さらに、将来的にはデスクトップ検索とモバイル検索のアルゴリズムを完全にセパレートする可能性もあります。
Googleは既にスマホ専用アルゴリズムのためにチームを編成し開発にあたっているようです。現在、どの段階にあるのかはIllyes氏にもわからないそうで、現段階でGoogleからのアナウンスはありません。
また、現在ではデスクトップとモバイル間でアルゴリズムを変化させようとしていますが、将来的にタブレットの普及が更に進めば、今度はタブレット向けのアルゴリズムやアップデートがあっても不思議ではありません。
デスクトップで検索1位のサイトが、スマートフォンから検索すると下位、という事が発生します。
検索順位が1人ひとりカスタマイズされたものに
このように、ユーザーの環境によって検索結果が大きく異なるという事態は既に起こっていますが、アルゴリズムの改良により更に激しくなりそうです。
日本国内でのヴェニス・アップデートの影響と見られる現象は2014年末に確認されたばかりですし、
モバイル検索が変動するのはまさにこれからです。
Googleにとっても、ユーザーごとに最適化された検索結果を提供したいはずでしょう。
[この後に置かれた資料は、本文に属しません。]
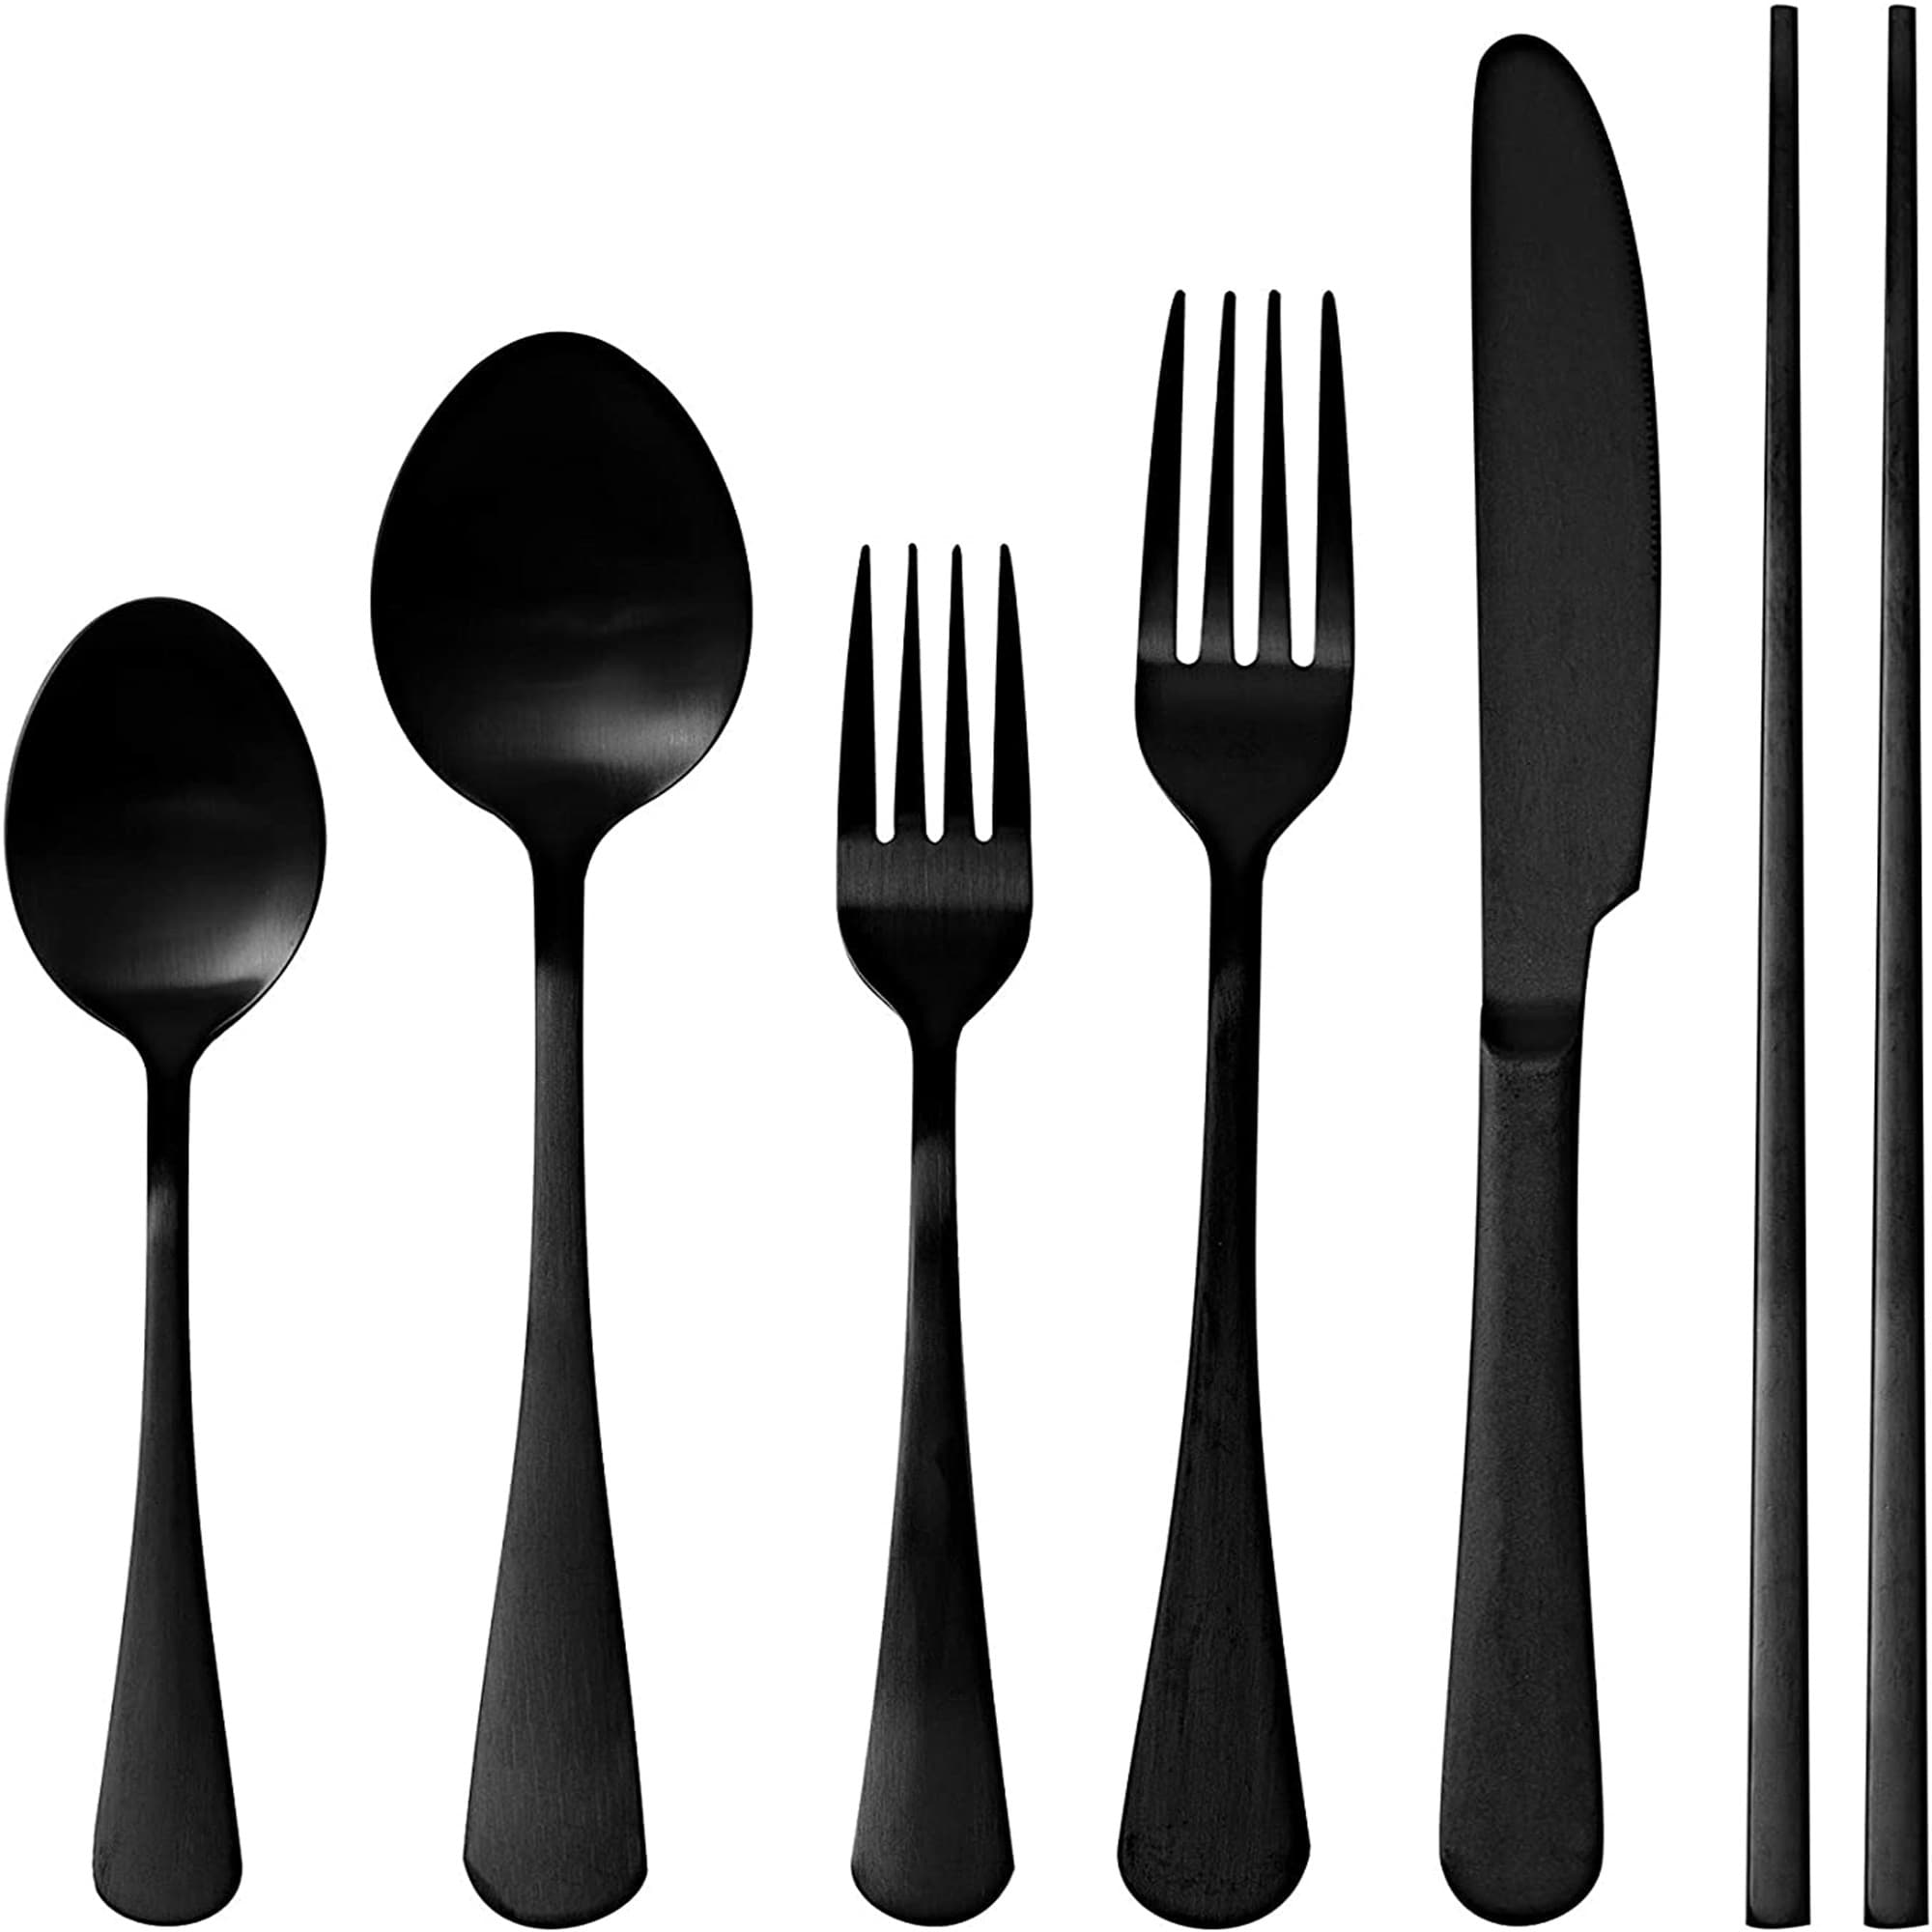 https://ak1.ostkcdn.com/images/products/is/images/direct/67f4eb5c115cdbf1873441355bbda62c3652f248/Kitchen-Comfort-%7C-24-Piece-Matte-Black-Finish-%7C-Flatware-Set-%7C-Stainless-Steel-Cutlery-Set-for-4-%2B-Chop-Sticks%21.jpg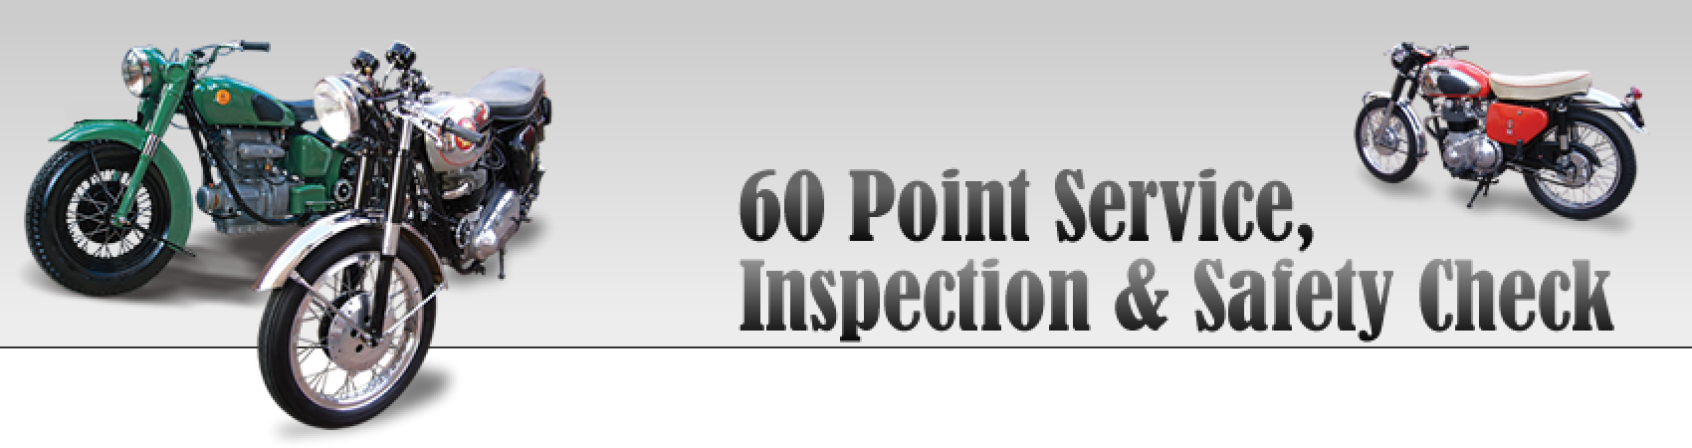 60 Point Service, Inspection & Safety Check

まるで執事のように、自分の嗜好や探している情報を理解してくれる賢い検索エンジンを作りたいはずです。そう考えると、一律の検索順位というのはGoogleにとってあまり意味を成さないものになります。
将来、検索順位の重要性が低下する
1990年に世界初の検索エンジン「Archie」が誕生し、1995年にYahoo!、そして1998年にGoogleが産まれました。
事前にディレクトリ登録をしておかないと検索対象にならなかったYahoo!に対し、Googleは全文検索ロボット型で、独自のアルゴリズムにより検索キーワードに対するサイトの価値を判断し順位付けを行うという全く新しいタイプの検索エンジンでした。ここでGoogleはインターネットにおける「検索」という行為に革命を起こしたと言えます。
それから17年、Googleは更に検索行為に変化を起こそうとしています。
ユーザーにとってより使いやすい検索エンジンであり続けるために、さまざまなギミックや機能がリリースされています。先述した「一人ひとりカスタマイズされた検索順位」というのもそのうちの1つに過ぎません。
ここではあと2つ、重要視するべき機能があります。
ナレッジグラフ
Googleで「SEOとは」と検索してみます。
するとこのように、検索結果画面の一番上に「SEOとは」という問いに対する答えが出ちゃってますね。
これで僕はもう答えを知る事が出来てしまいました。この情報が足りず、他のソースを確認したい場合は、検索結果に上がっている他のサイトも回ってみますが、この答えで満足すればもう他のサイトを開く事はありません。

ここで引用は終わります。